All data were expressed as mean ± SEM. Statistical analysis was performed using SPSS version 25 (IBM Corp). Continuous data were checked for normality followed by a parametric test, Student’s t test, or non-parametric Man-Whitney U test to compare the groups. Categorical variables were tested using χ² test or Fisher's exact test. Receiver operating characteristic curves (ROC) were generated, and the best cutoff point with highest prognostic value presented based on Youden’s index was used to determine the diagnostic levels. Systemic immune-inflammation index (SII), neutrophil-to-lymphocyte ratio (NLR), monocyte-to-lymphocyte (MLR) ratio, and platelet-to-lymphocyte ratio (PLR) were calculated.10 The clinical utility index calculator was utilized to compute positive and negative predictive values.11 A P value of .05 was considered statistically significant.

Results

A total of 37 participants were enrolled in the study, with 19 participants in the osteomyelitis group and 18 participants in the control group. The baseline characteristics were similar in both groups, as detailed in Table 1. The mean age for the osteomyelitis group was 62.0 ± 12 years, and the control group was 65.0 ± 8.0 years (P = .5). The majority of participants in both groups were patients with type 2 diabetes; both groups had a similar percentage of participants taking oral hypoglycemic agents and insulin as well as similar percentages of non-traumatic lower-limb amputations (59% vs 74%, respectively) (P = .7). Fifty-seven ulcers were studied, comprising 28 and 29 ulcers in the DFO group and control group, respectively. The majority of patients in both groups (81%) had forefoot ulcers, including 78% in the DFO group and 86% in the control group as shown in Table 2. Further analysis of the ulcer location (ie, forefoot, midfoot, and hindfoot) revealed similar distribution in both groups. No statistically significant differences for alcohol consumption and smoking were observed between the groups. Comorbidities, such as diabetic retinopathy, dyslipidemia, coronary artery disease, and peripheral vascular diseases, were similar in both groups. There were no differences between the counts for neutrophils, platelets, monocytes, or lymphocytes between the groups.
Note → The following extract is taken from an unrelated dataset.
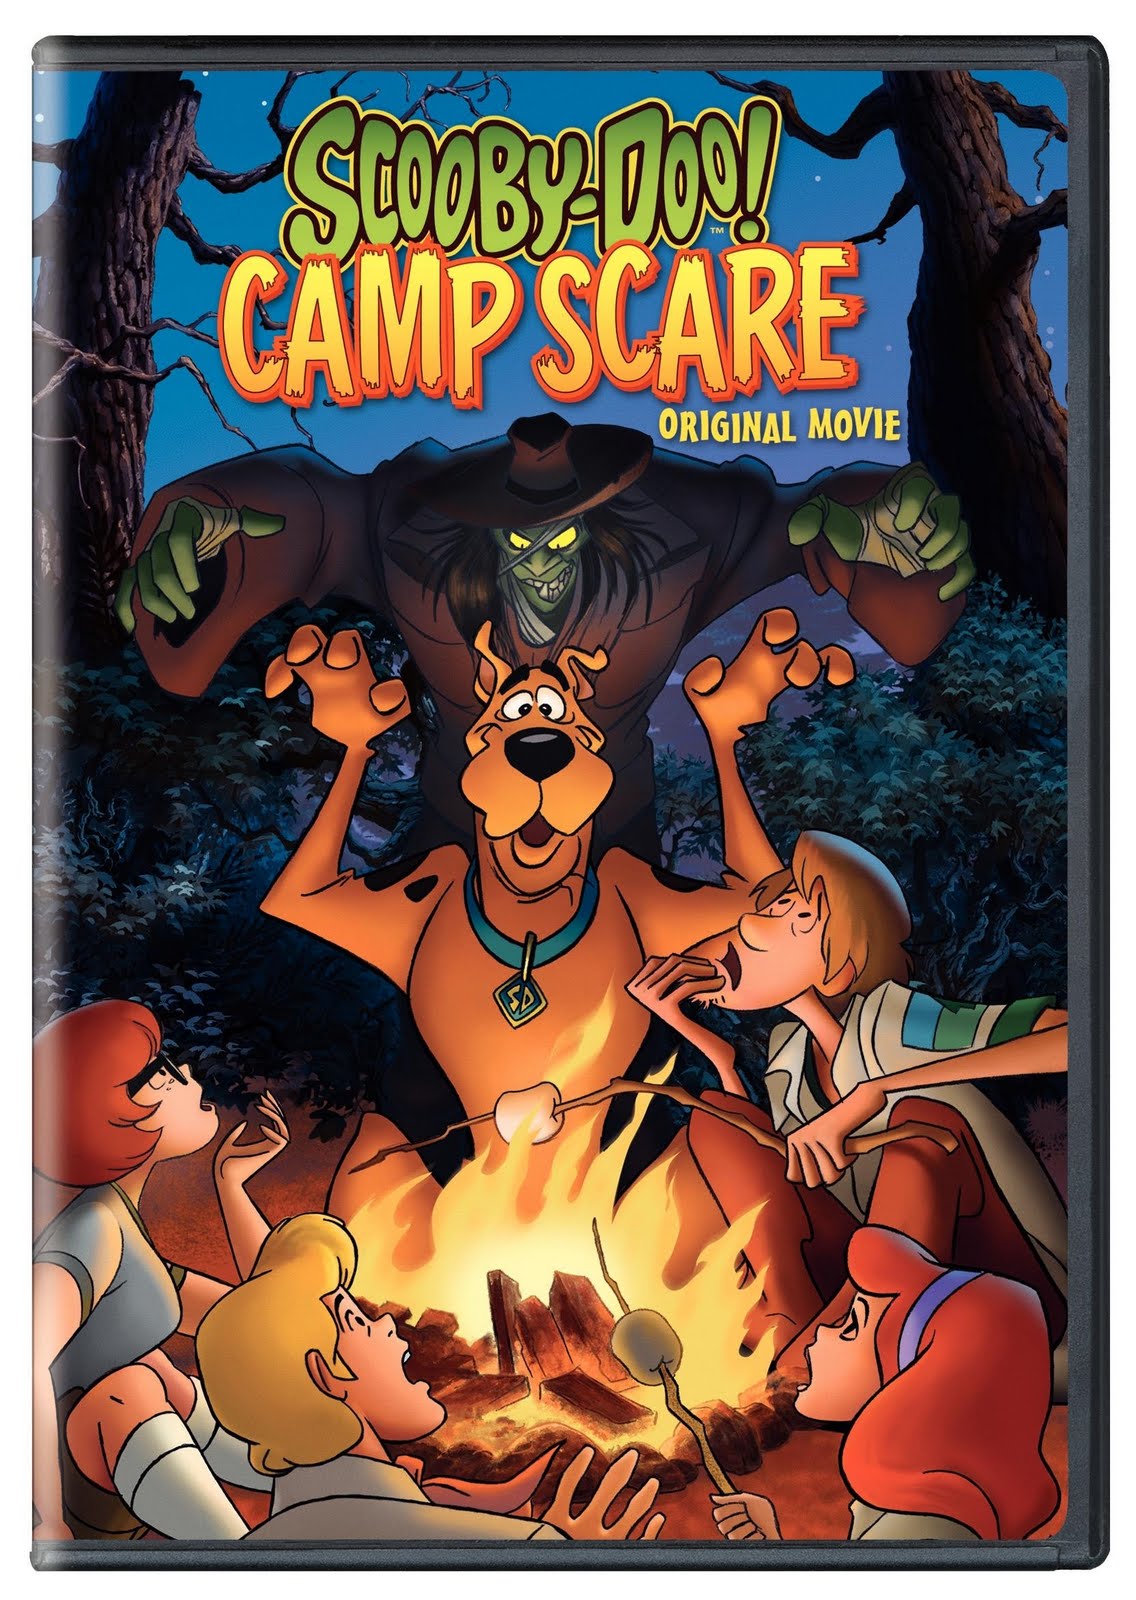 فيلم سكوبى دوو scooby doo camp scare 2010  Scooby+Doo+Camp+Scare+DVD
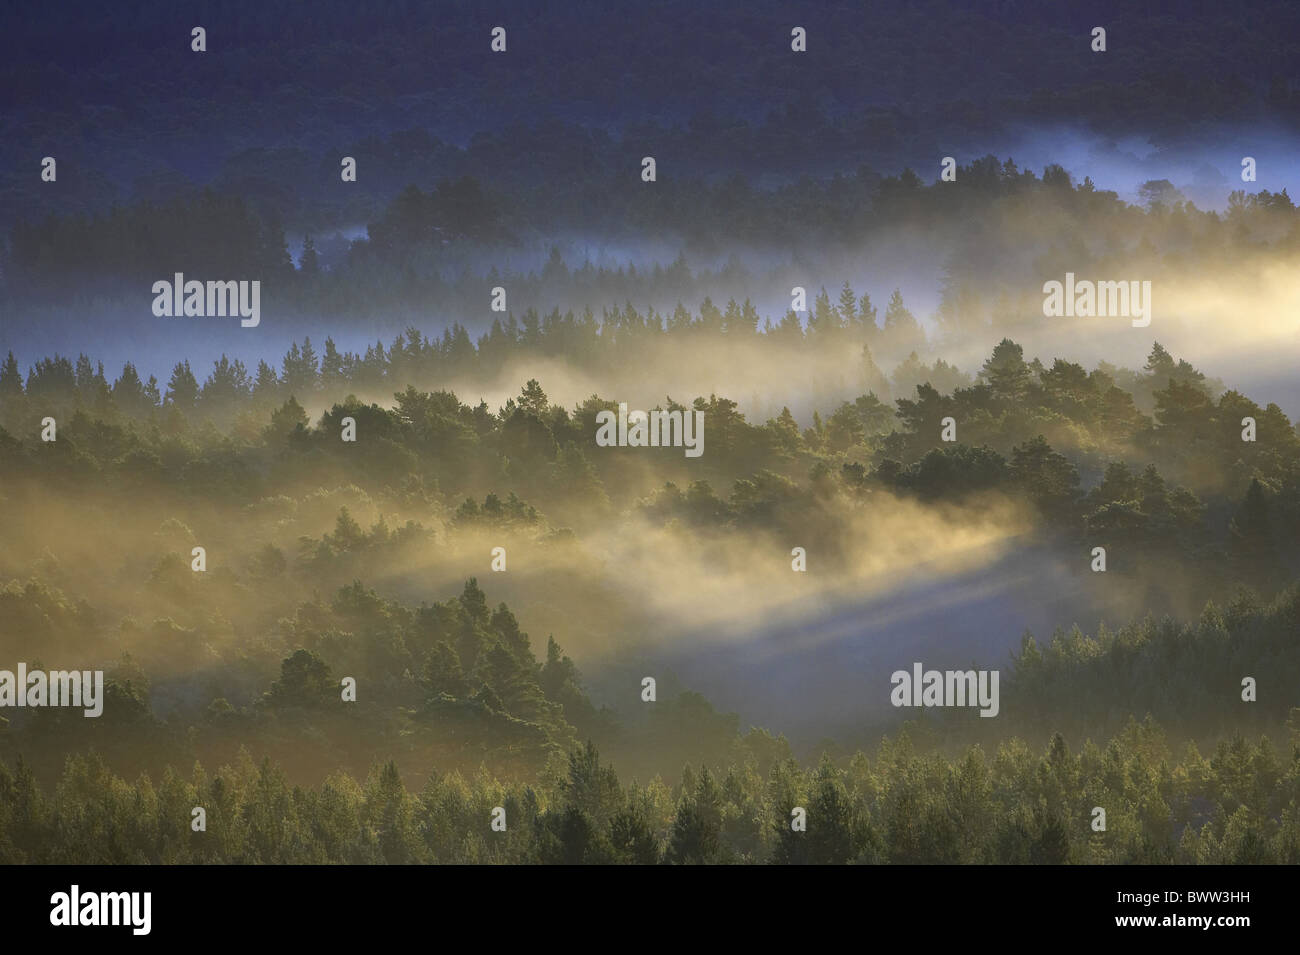 Di Pino silvestre (Pinus sylvestris) foresta nella nebbia all'alba, Caledonian foresta, Rothiemurchus foresta, Cairngorms N.P., altopiani, Foto Stock

Differences between serum levels of PCT and IL-6 were found to be statistically significant. The median serum levels of PCT in the DFO group were 108.5 pg/mL (range, 65.0–124.0 pg/mL) and 57.0 pg/mL (range, 37.2–77.0 pg/mL) (P = .02), and IL-6 levels in DFO group were 22.0 pg/mL (range, 3.0–86.5 pg/mL) and 3.5 pg/mL (range, 1.0–9.5 pg/mL) (P = .02) (Figure). 

The ROC analysis showed that out of all the candidates tested, PCT had a sensitivity of 79% and specificity of 70% at a positive diagnostic test cutoff of 64.0 pg/mL (P = .02). Interleukin 6 had sensitivity of 75% and specificity of 64% at a cutoff of 4.2 pg/mL (P = .02). The clinical utility index of both was found to be fair. Analysis reference intervals on ratios of NLR, PLR, MLR, LNR, and SII revealed a fair test candidate for MLR with a sensitivity of 74% and specificity of 67% at a positive diagnostic test cut-off of 0.3 (P = .02) (Table 3). 

Discussion

Diabetic foot ulcers are of major concern among patients with long-term diabetes mellitus. Most diabetic foot infections are diagnosed based on clinical findings and may need invasive tests to confirm DFO.12 Therefore, a suitable diagnostic marker with a high clinical utility, high sensitivity (true positive correctly identified by a test), and sensitivity (true negative correctly identified by a test) would be useful to confirm the diagnosis, rationalize requirement for invasive testing, and prevent delays in modified treatment regimens due to delay in diagnosis. The current study demonstrated significantly high levels of PCT and IL-6 in the DFO group compared with the control group. Procalcitonin has been proposed as an ideal candidate for diagnosing diabetic foot infection; the serum level of PCT has been shown to be elevated in diabetic foot infections, as reviewed by Velissaris et al.13 Similar to the present study, Uzun et al14 reported a significant difference in levels of PCT in patients with DFO, with a sensitivity and specificity of 77% and 100%, respectively, at the cutoff value of PCT greater than or equal to 0.08 ng/ml and 0.06 ng/ml. The authors also reported comparable sensitivity and specificity as in the present study. Similarly, a significant difference in levels of PCT was found in patients with infected foot ulcer compared with non-infected foot ulcer with high specificity (100%) and a sensitivity of 23.3%,15 although it is unclear from the study if the infected foot ulcers were confirmed to have DFO or cellulitis without bone infection. On the other hand, Asirvatham et al16 found PCT to have a high sensitivity and specificity of 80% and 75%, respectively, in diagnosing DFO at a serum level of 60.0 pg/mL, very similar to the findings in the present study. 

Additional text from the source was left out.